* _COLLECTED MATERIAL_:
- - - - - - -

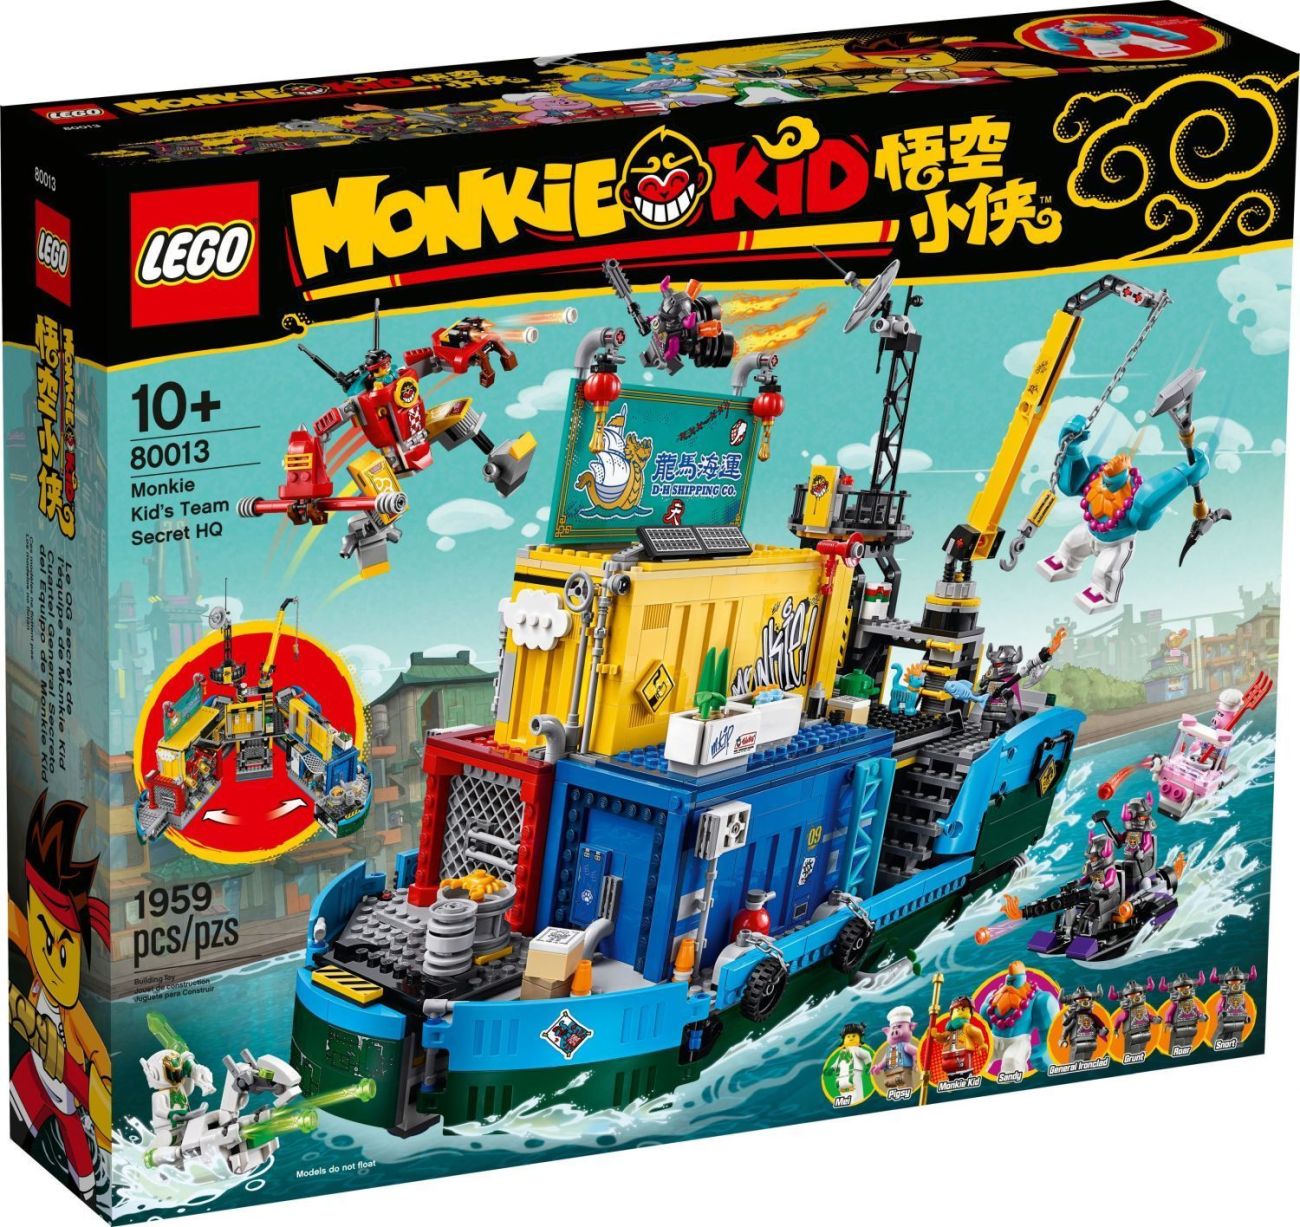 LEGO Monkie Kid - 80013 Monkie Kid’s Team Secret HQ (Foto: LEGO)
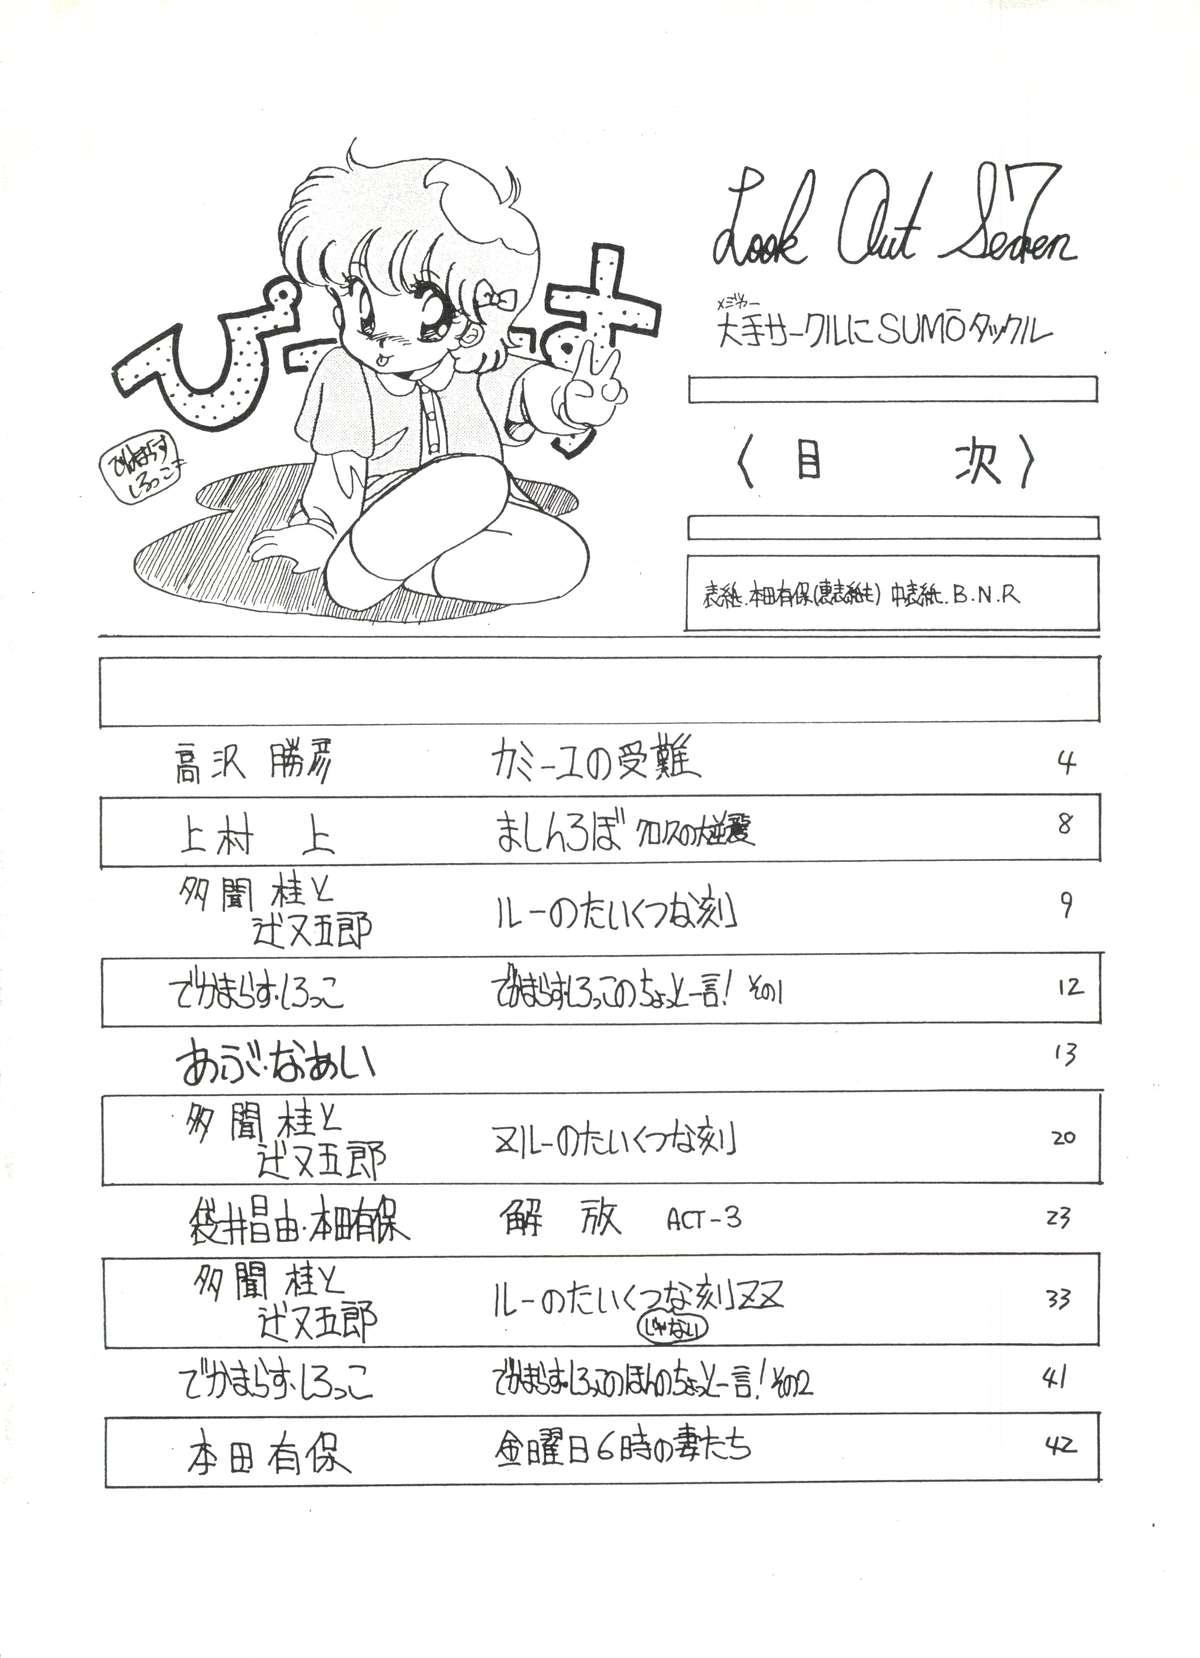 Girl Girl LOOK OUT 7 - Urusei yatsura Maison ikkoku Gundam zz Pastel yumi Lez Fuck - Page 2
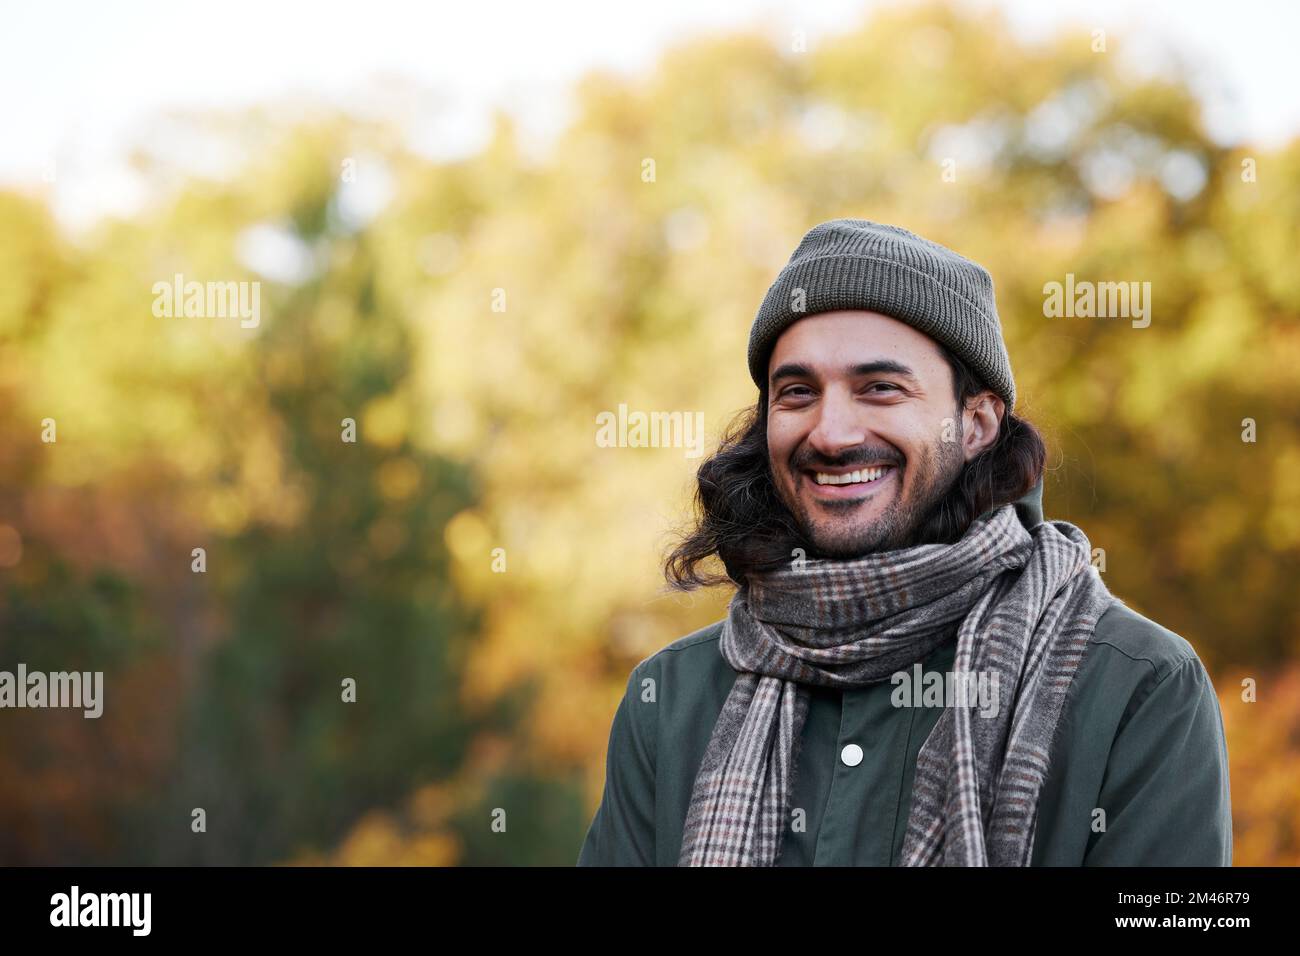 Smiling man looking at camera Stock Photo

- - - - - - -

* _TASK ITEM_: Each line of the data above must be repeated exactly, images excluded.

* _YOUR RESPONSE_:
 LEGO Monkie Kid - 80013 Monkie Kid’s Team Secret HQ (Foto: LEGO)
 Girl Girl LOOK OUT 7 - Urusei yatsura Maison ikkoku Gundam zz Pastel yumi Lez Fuck - Page 2
 Smiling man looking at camera Stock Photo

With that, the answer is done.